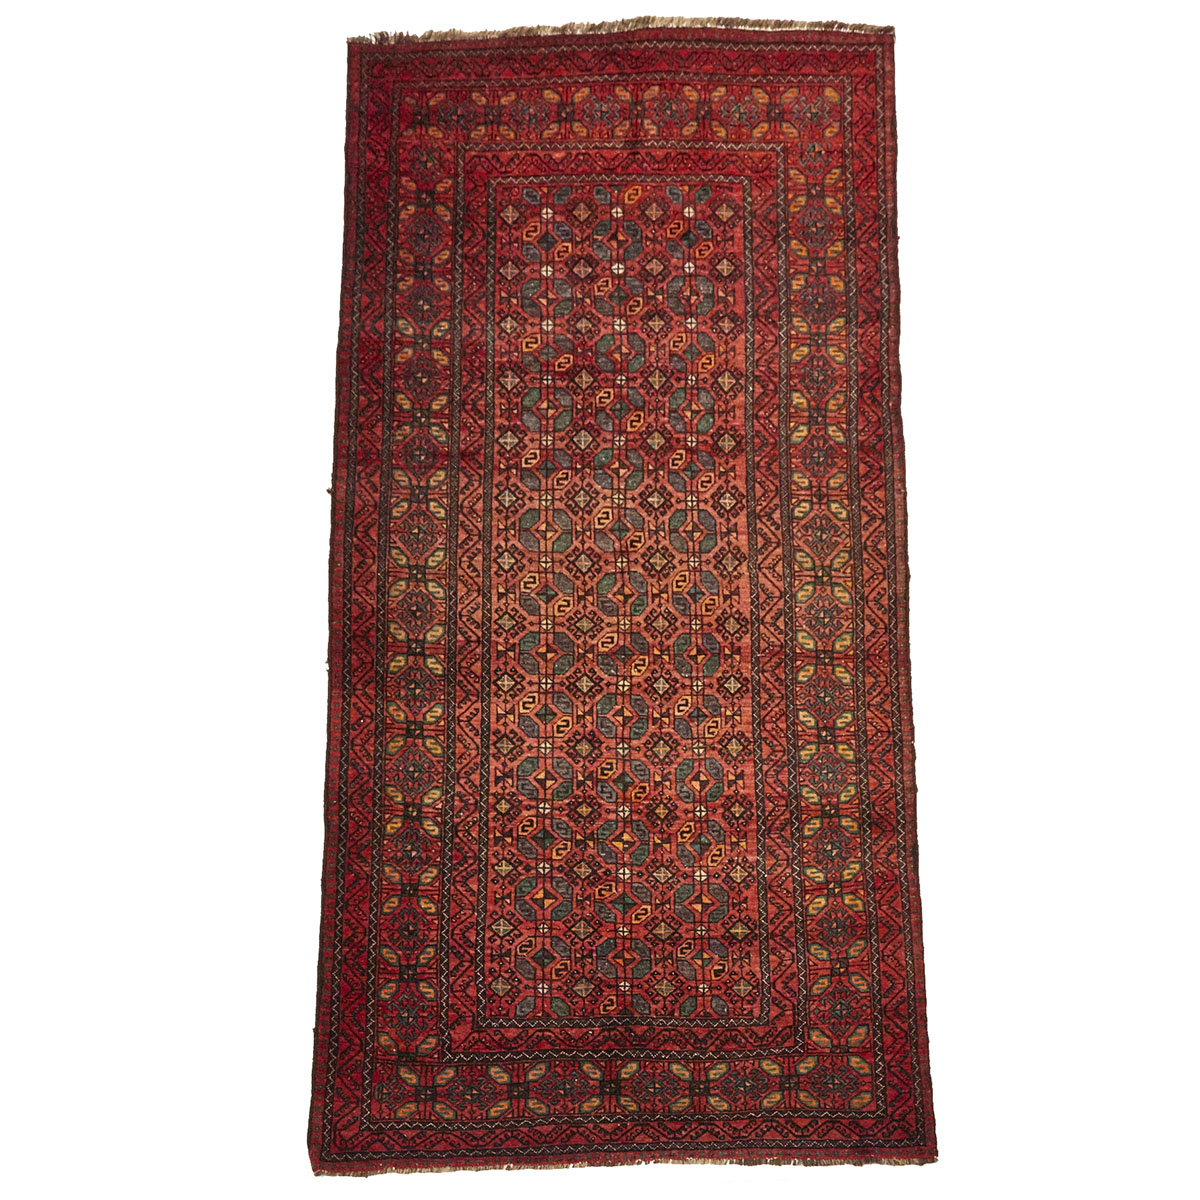 East Persian Long Rug, mid 20th century
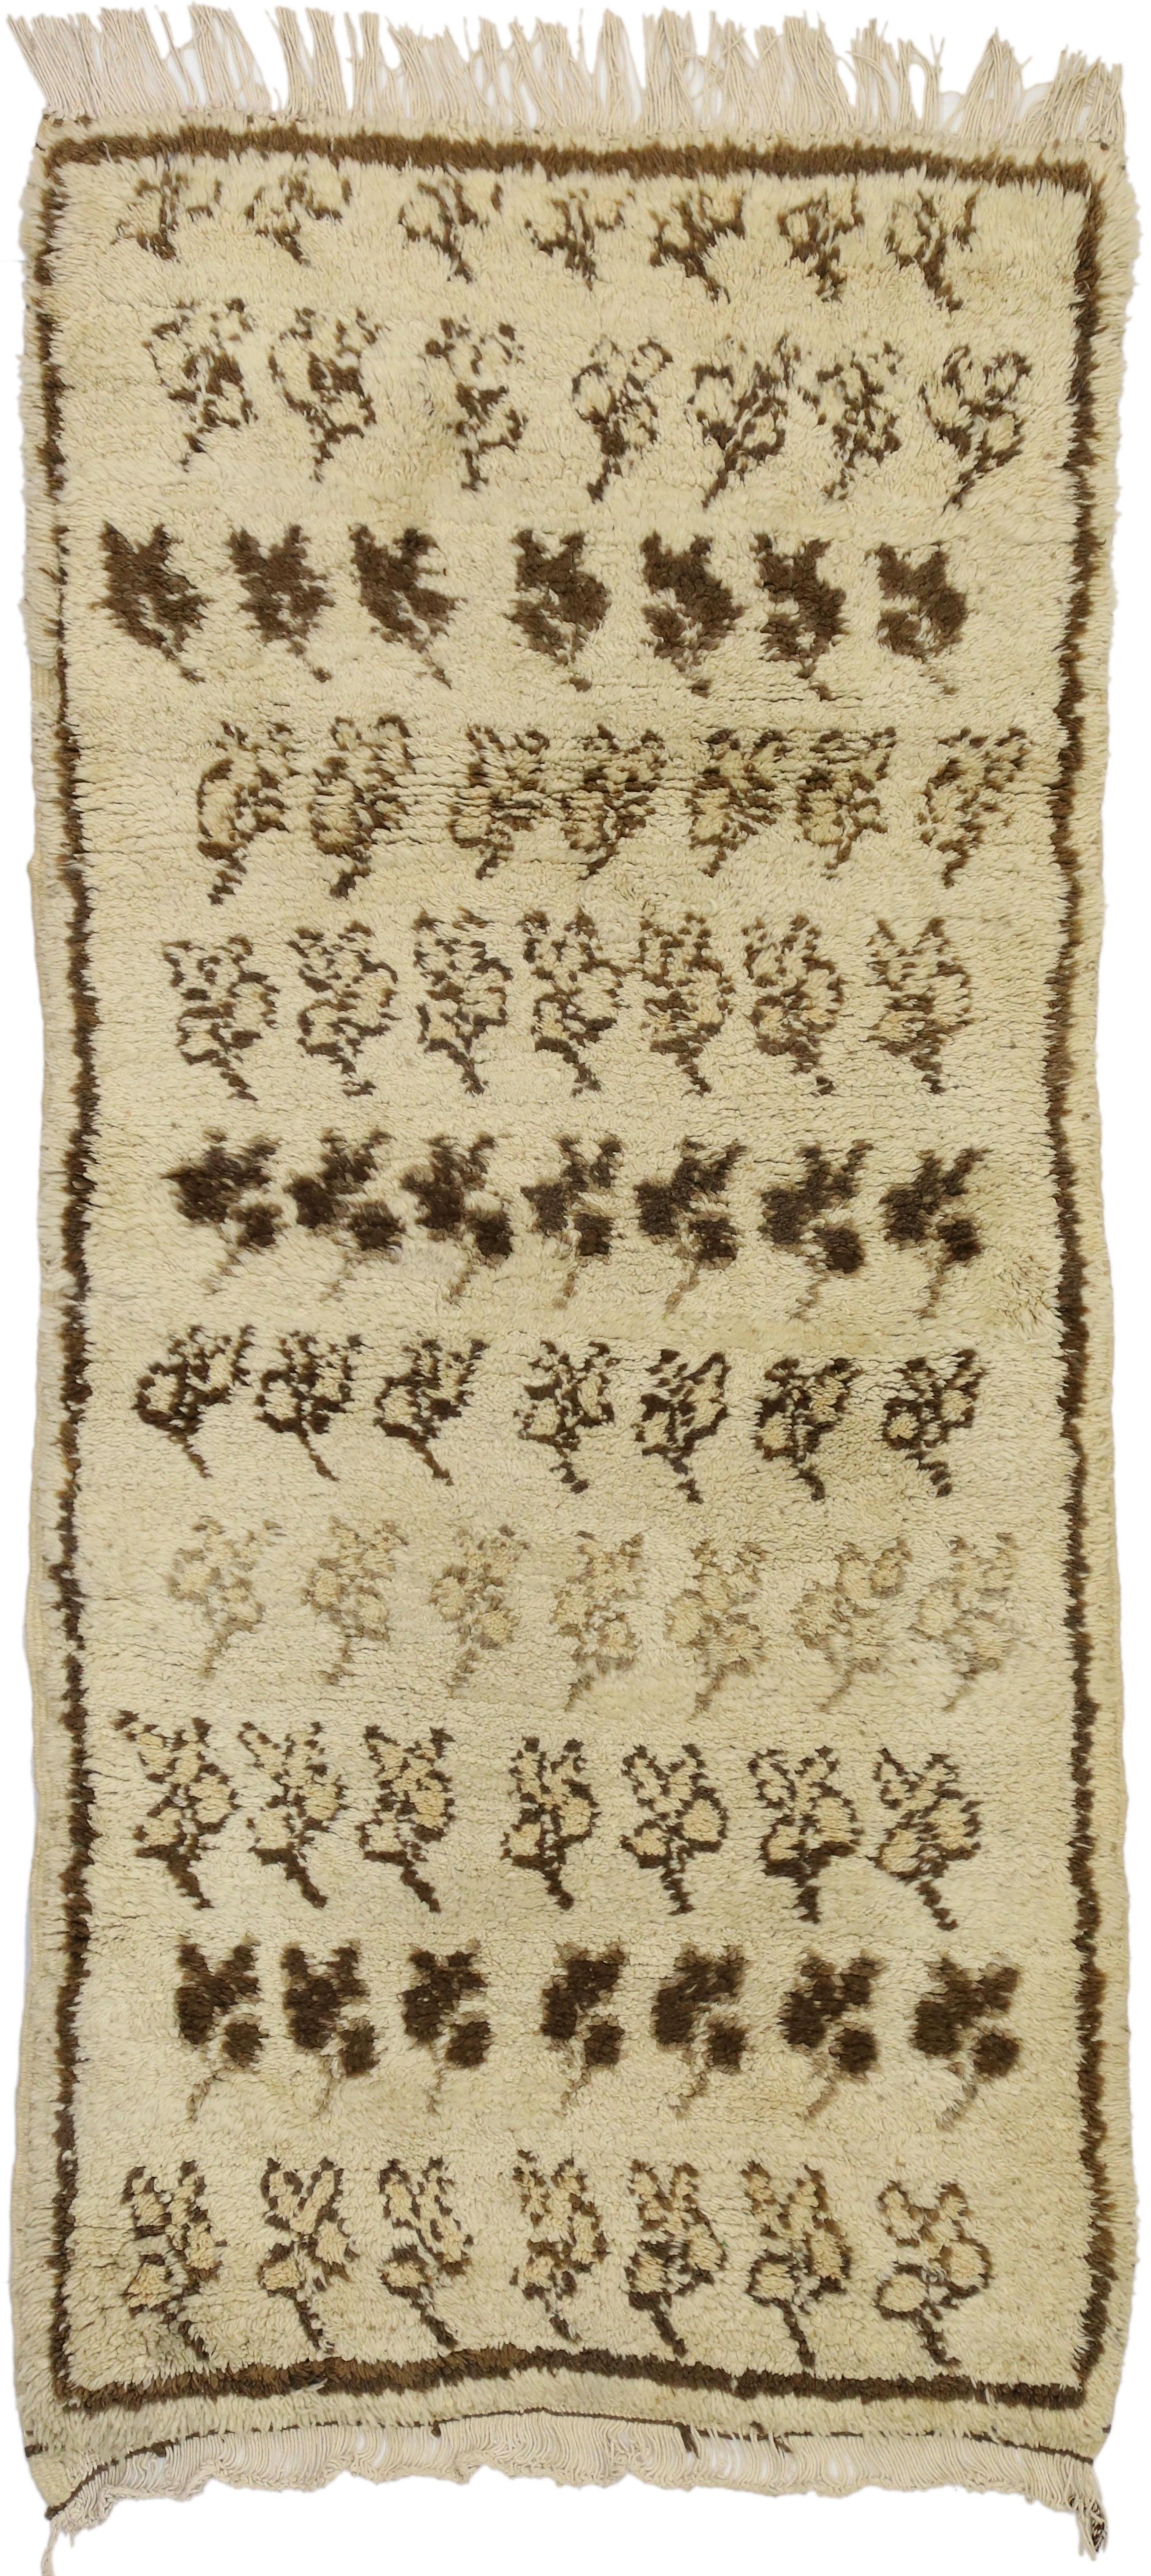 20863, Vintage Moroccan rug, Berber Moroccan rug with tribal style. This hand knotted wool vintage Moroccan rug features seven columns of flowers unfolding across an abrashed sandy-beige field. Though deceptively simple, this tribal design is
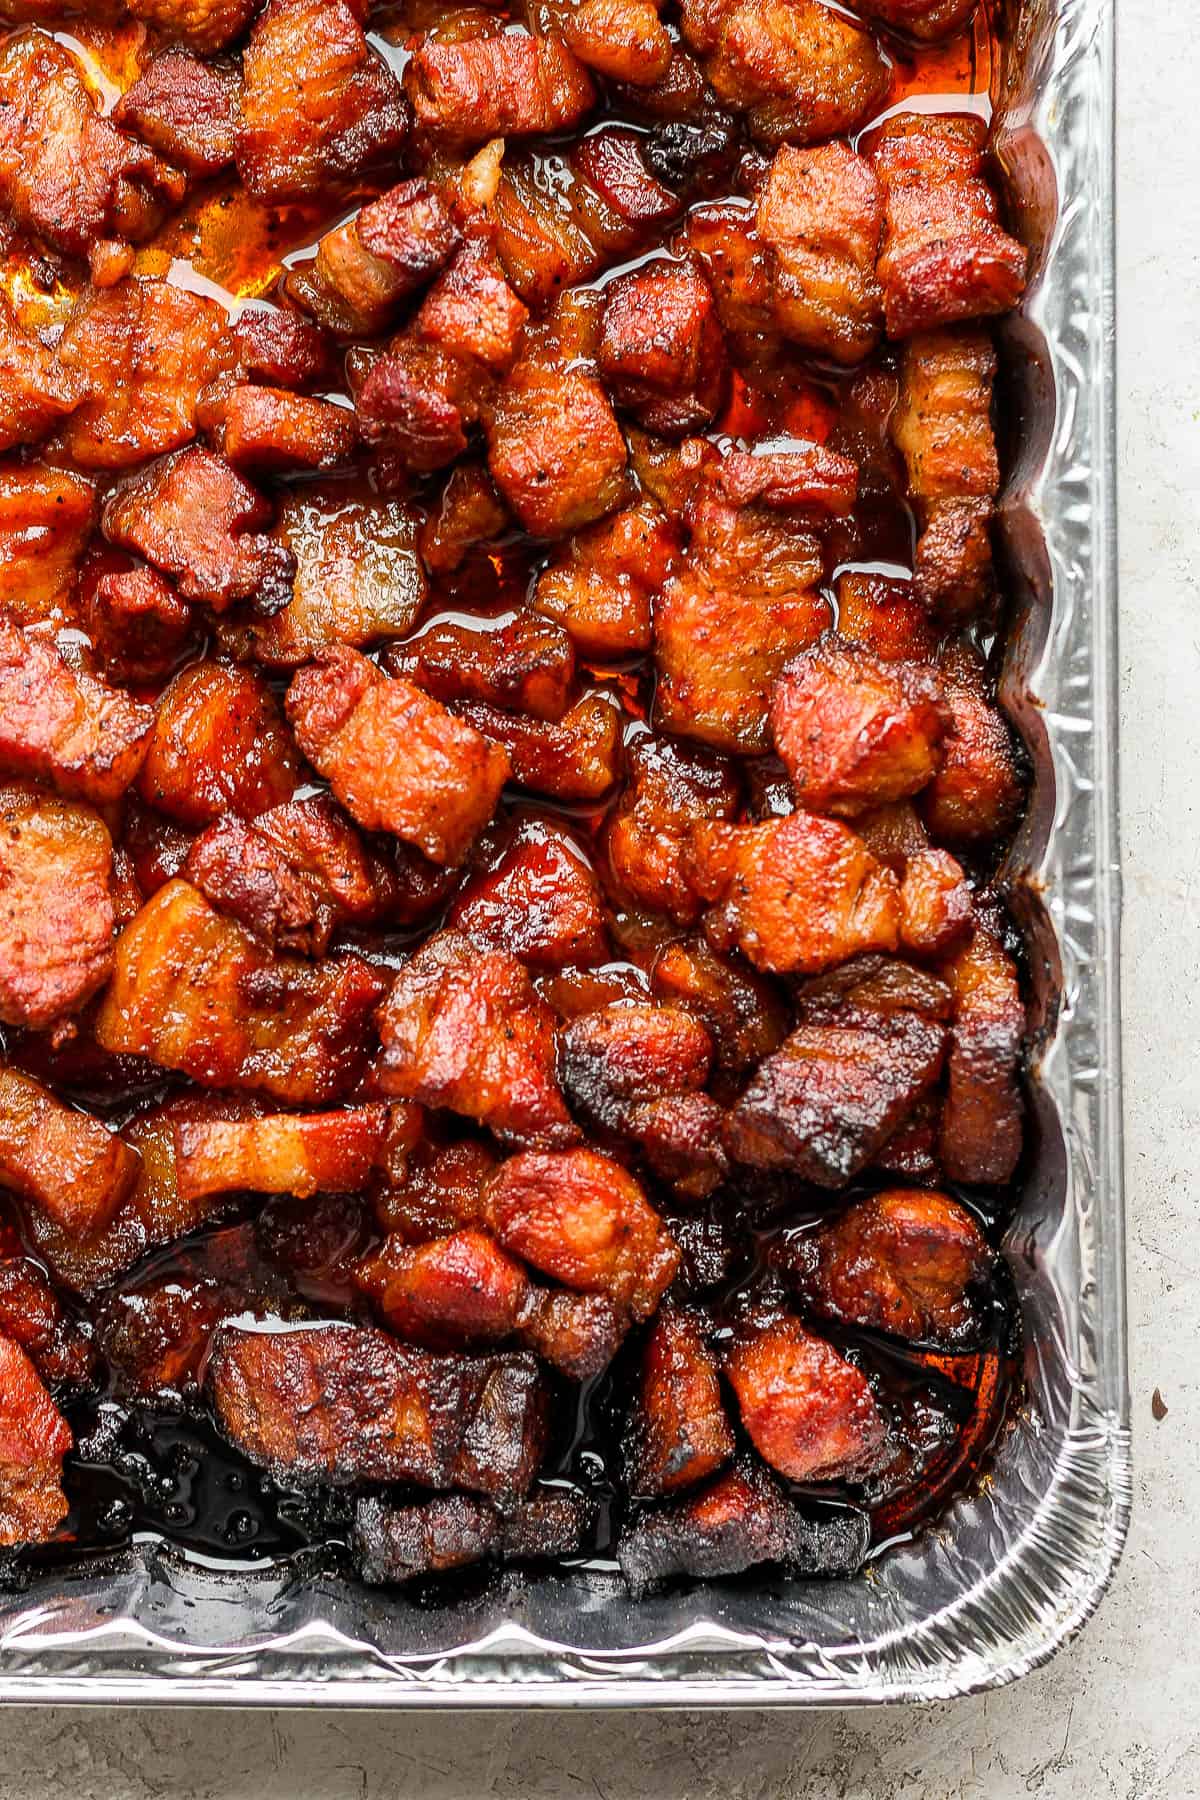 Fully cooked pork belly burnt ends in an aluminum tray.
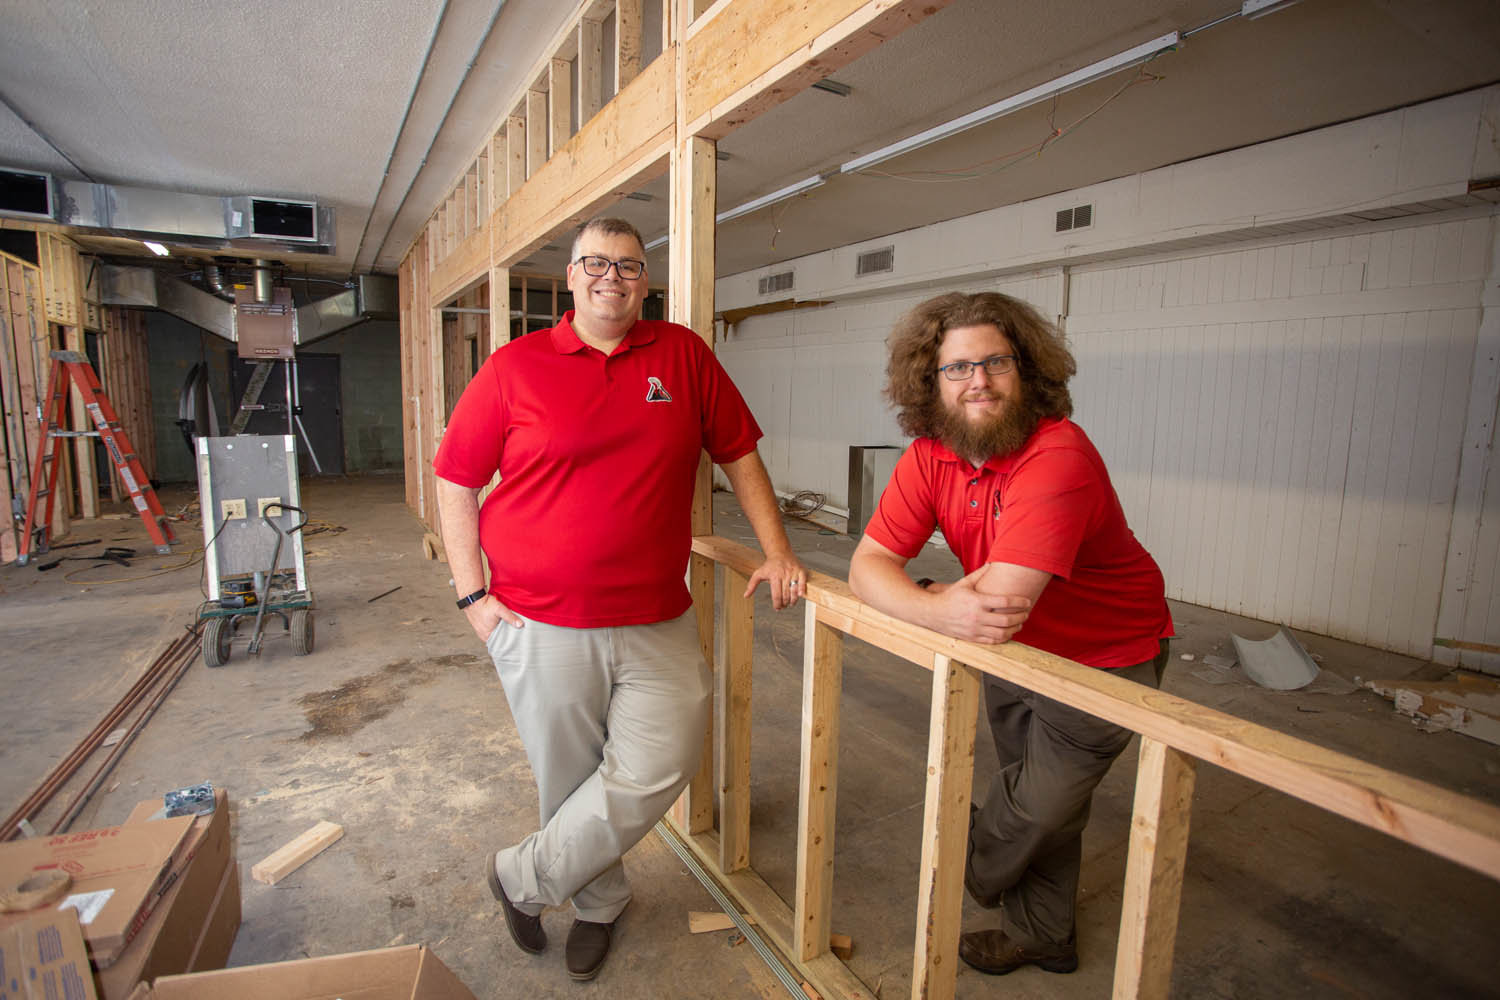 Brewery infill work is ongoing around co-owners Keith Davis, left, and Charley Norton in late 2019.
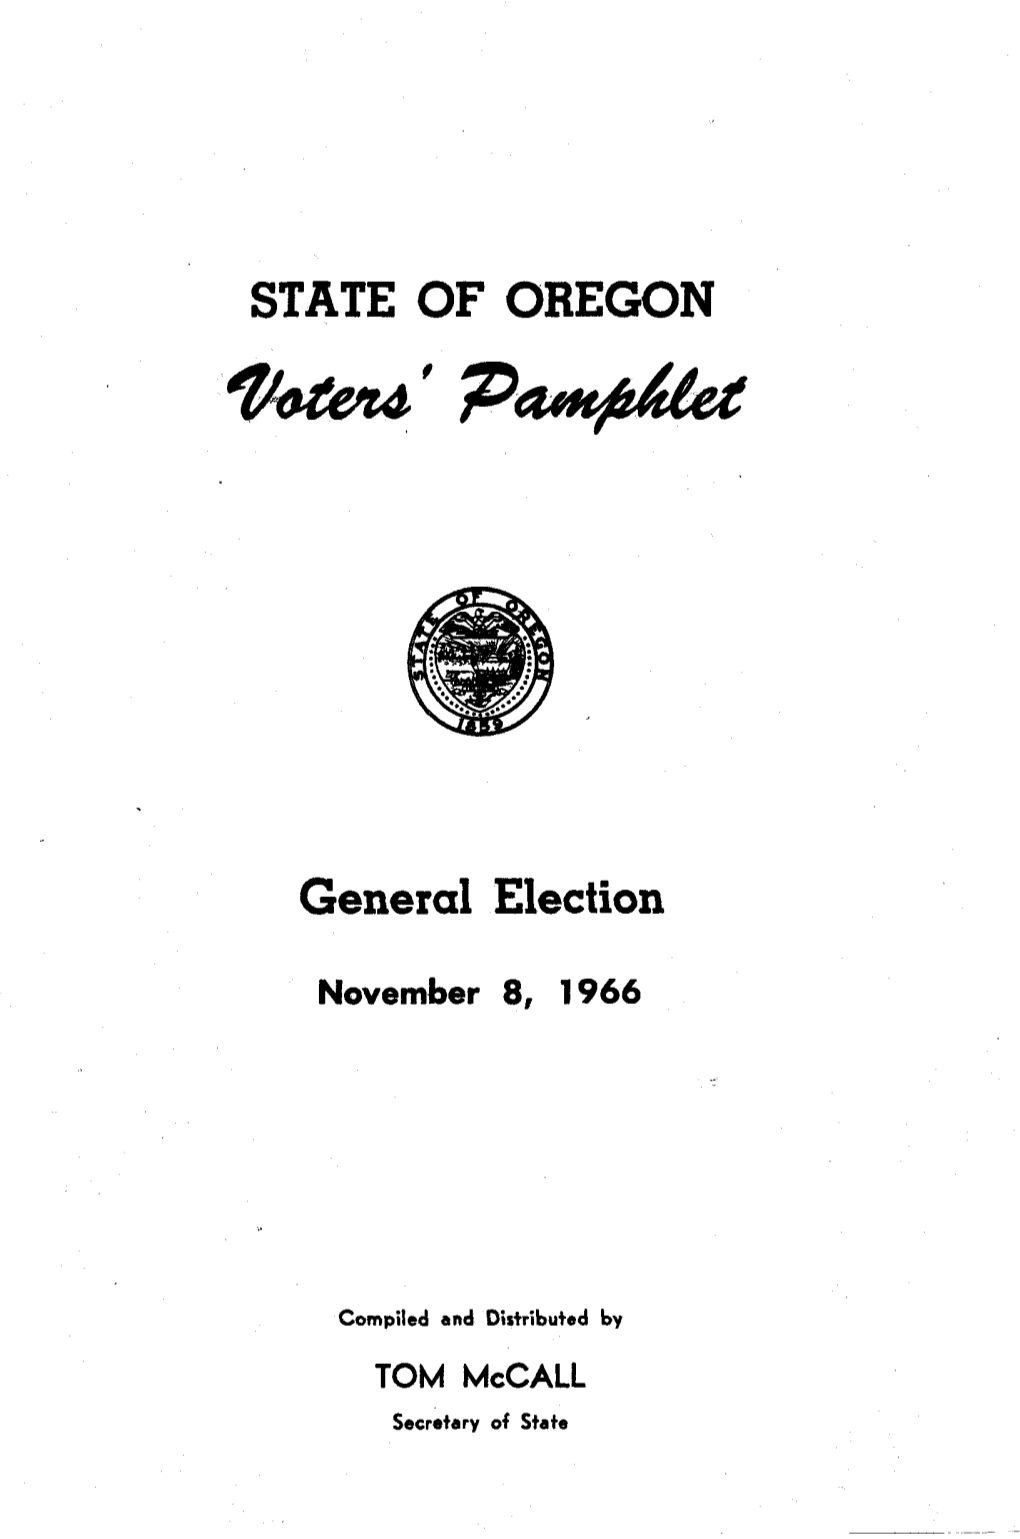 State Voters' Pamphlet

> Brief
The reply should hold every entry above, given again exactly, but not a single picture.

> Task result
 East Persian Long Rug, mid 20th century
 20863, Vintage Moroccan rug, Berber Moroccan rug with tribal style. This hand knotted wool vintage Moroccan rug features seven columns of flowers unfolding across an abrashed sandy-beige field. Though deceptively simple, this tribal design is
 Fully cooked pork belly burnt ends in an aluminum tray.
 Brewery infill work is ongoing around co-owners Keith Davis, left, and Charley Norton in late 2019.
 State Voters' Pamphlet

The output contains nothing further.